Viruses have been shown to persist – stay present in the body, potentially after the symptoms of infection have passed. Most of the evidence and mechanism for viral persistence has been collected for DNA viruses and retroviruses (that is RNA viruses that convert their RNA genome into DNA and insert it into the host). However, there is clear evidence that non-retroviral RNA viruses can persist (see the review here). We normally think of these acute RNA viral infections as being short lived, cleared by the host and only succeeding if they can transmit to a new individual. However, this strategy has limitations, particularly if there are no new individuals who haven’t been infected by the virus. Therefore, viruses need to have evolved a way to maintain a reservoir, this is particularly important when we consider that viruses are obligate parasites – they have to use host cells to replicate and survive. It is particularly interesting to think that the viruses can persist in spite of selective pressure from the host immune response which is trying to clear the virus.
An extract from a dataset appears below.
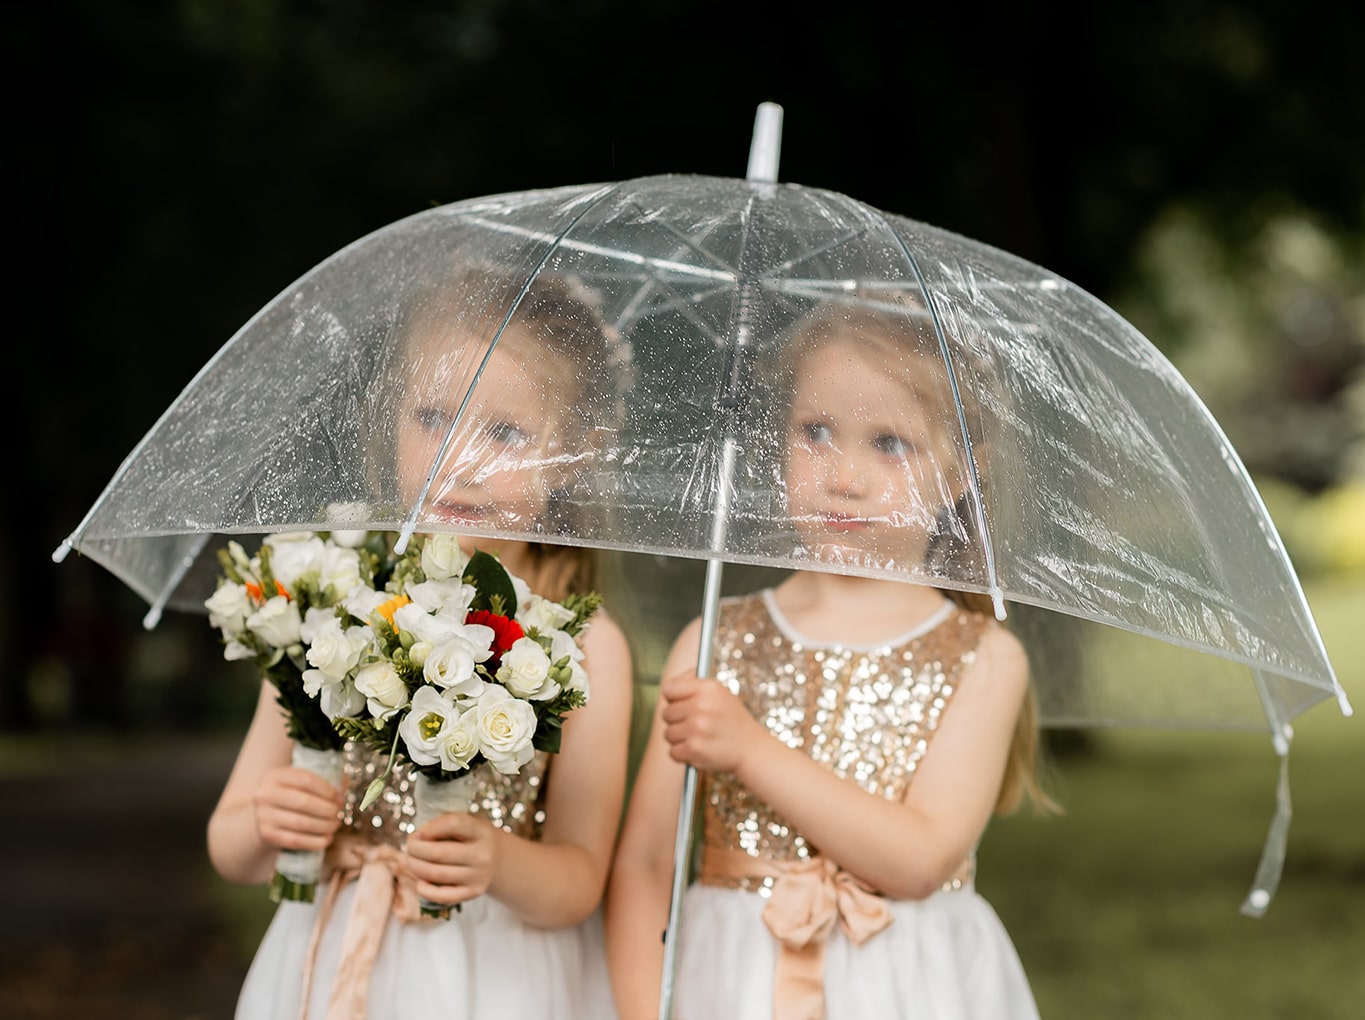 Cute photo of twin girl bridesmaids sharing a transparent umbrella in the rain, holding a bouquet of flowers

The question we set out to answer in a recently published study, led by Prof Rick Randall and Prof Steve Goodbourn, was how RNA viruses can switch between an acute and persistent state. The work focused on parainfluenza virus (PIV), which is a member of the paramyxovirus family. Viruses require specific proteins to make copies of their genetic information, which is described as the polymerase complex. The imaginatively named P protein of parainfluenza virus is a core part of the viral polymerase. If the P protein was phosphorylated (a mechanism by which cells can control protein activity), then the virus no longer replicated in the cells, but and this is important, the viral RNA was maintained within the cell. We then demonstrated that the phosphorylation status of the P protein and was determined by a single amino acid within the protein, if this changed then the protein could be activated or de-activated. Since amino acids are determined by the genetic code of the virus, specifically by 3 nucleotides, a single nucleotide change can alter the amino acid sequence, in turn affecting the phosphorylation of the protein and whether it is active or not. So in essence there is a switch that can control whether the virus makes copies of itself within the cell, given that RNA viruses have leaky polymerases (they make inaccurate copies of their own genes), this flip between active and inactive states can occur readily during the infection/ replication cycle. The switch may be driven by immune pressures, we demonstrated that lytic viral variants replicated to higher levels in a mouse model but were cleared much faster, whereas the persistent variant led to a prolonged infection. We proposed that the virus may start in an active state producing lots of copies of itself, before switching to a persistent state to develop a reservoir.
This was in essence a piece of basic research addressing a fundamental question in virology, but it does have broader impact, understanding why and how RNA viruses persist has implications for infection epidemiology as well as potential for developing novel vaccine platforms.